Sustained benefits for the CRO includes being involved in the pharma company’s future development plans. The study pointed out that this working relationship reduces start-up time by providing a team with an optimal mix of knowledge and experience. A CRO can help support better long-term capacity and resource management, enabling the organisation to be proactive when planning future actions.

Since strategic partnerships occur over several years, feedback, learning and continuous development across clinical trials can be fostered. Planning also allows clinical trials to reduce in duration through assessment of drug development priorities and requirements. The study also showed that supply chain efficiency can benefit from these long-term relationships.

The report identified that clinical development is accomplished using time and materials (T&M) contracts or fixed-price contracts. T&M contracts do not offer financial incentives to lower costs or a study’s duration. On the other hand, fixed-price contracts do prompt CROs to complete trials more quickly, yet they are not flexible under circumstances where changes to the trial are necessary. Thus, outsourcing development to CROs has become a popular cost-effective solution.

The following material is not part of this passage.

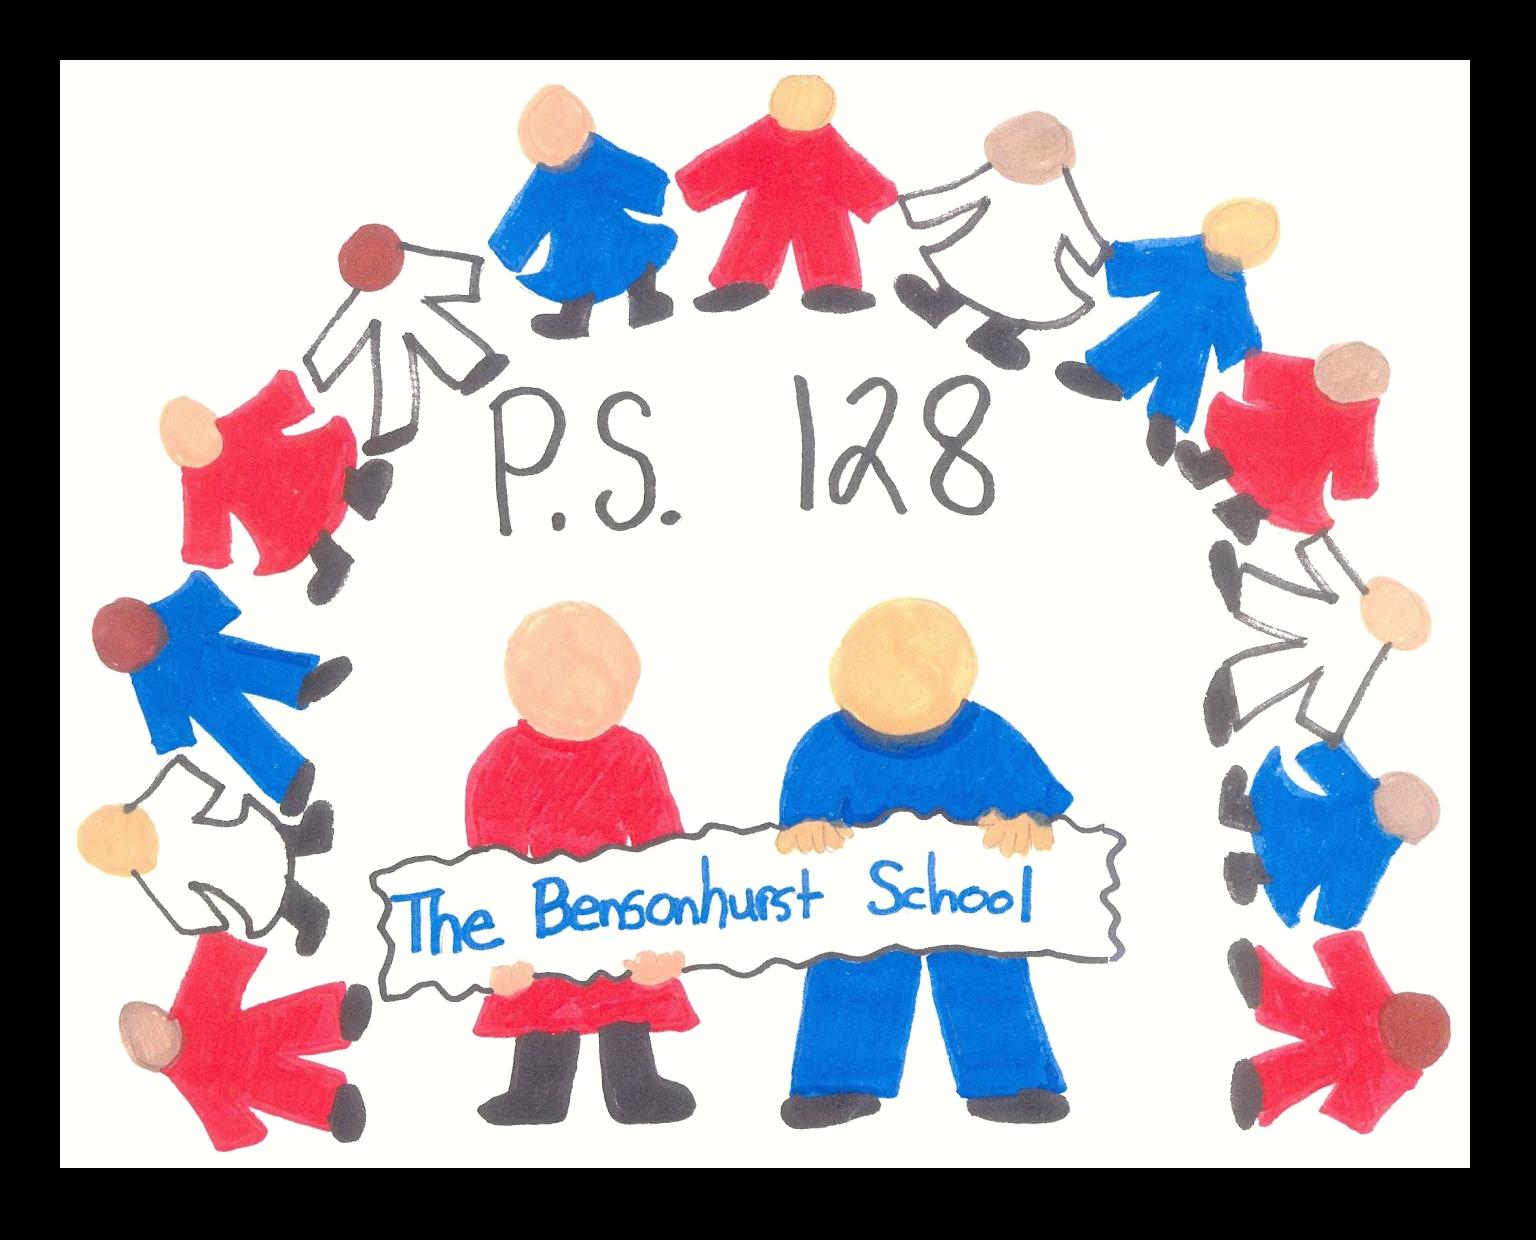 P.S. 128K The Bensonhurst School Home Page

A considerable concern for CROs is the lack of transparency related to a pharma company’s pipeline potential. For a CRO, this clarity is often seen as necessary for handling operations. The study revealed that while transparency can be helpful in some instances, strategic partnerships can effectively reduce trial duration when they know a company’s pipeline potential. This knowledge is only valuable when the CRO’s actions differ to the pharma company’s projected pipeline potential.

In order to improve productivity, new digital technologies that allow remote clinical trials to take place and different formats of clinical trials (such as adaptive, basket, and umbrella trials) are becoming more common. New therapeutics moving to the forefront of the industry’s awareness (like cell and gene therapy) require flexibility. Thus, these adaptive and innovative systems are incompatible with the high and fixed economical funding structures utilised in transactional arrangements.

Ultimately, most existing industry alliances could benefit from strategic partnerships. However, transactional arrangements still hold value, particularly when benefits of commitment are limited in projects that do not require a high degree of foresight and dialogue and the likelihood of a trial’s duration being reduced is not great.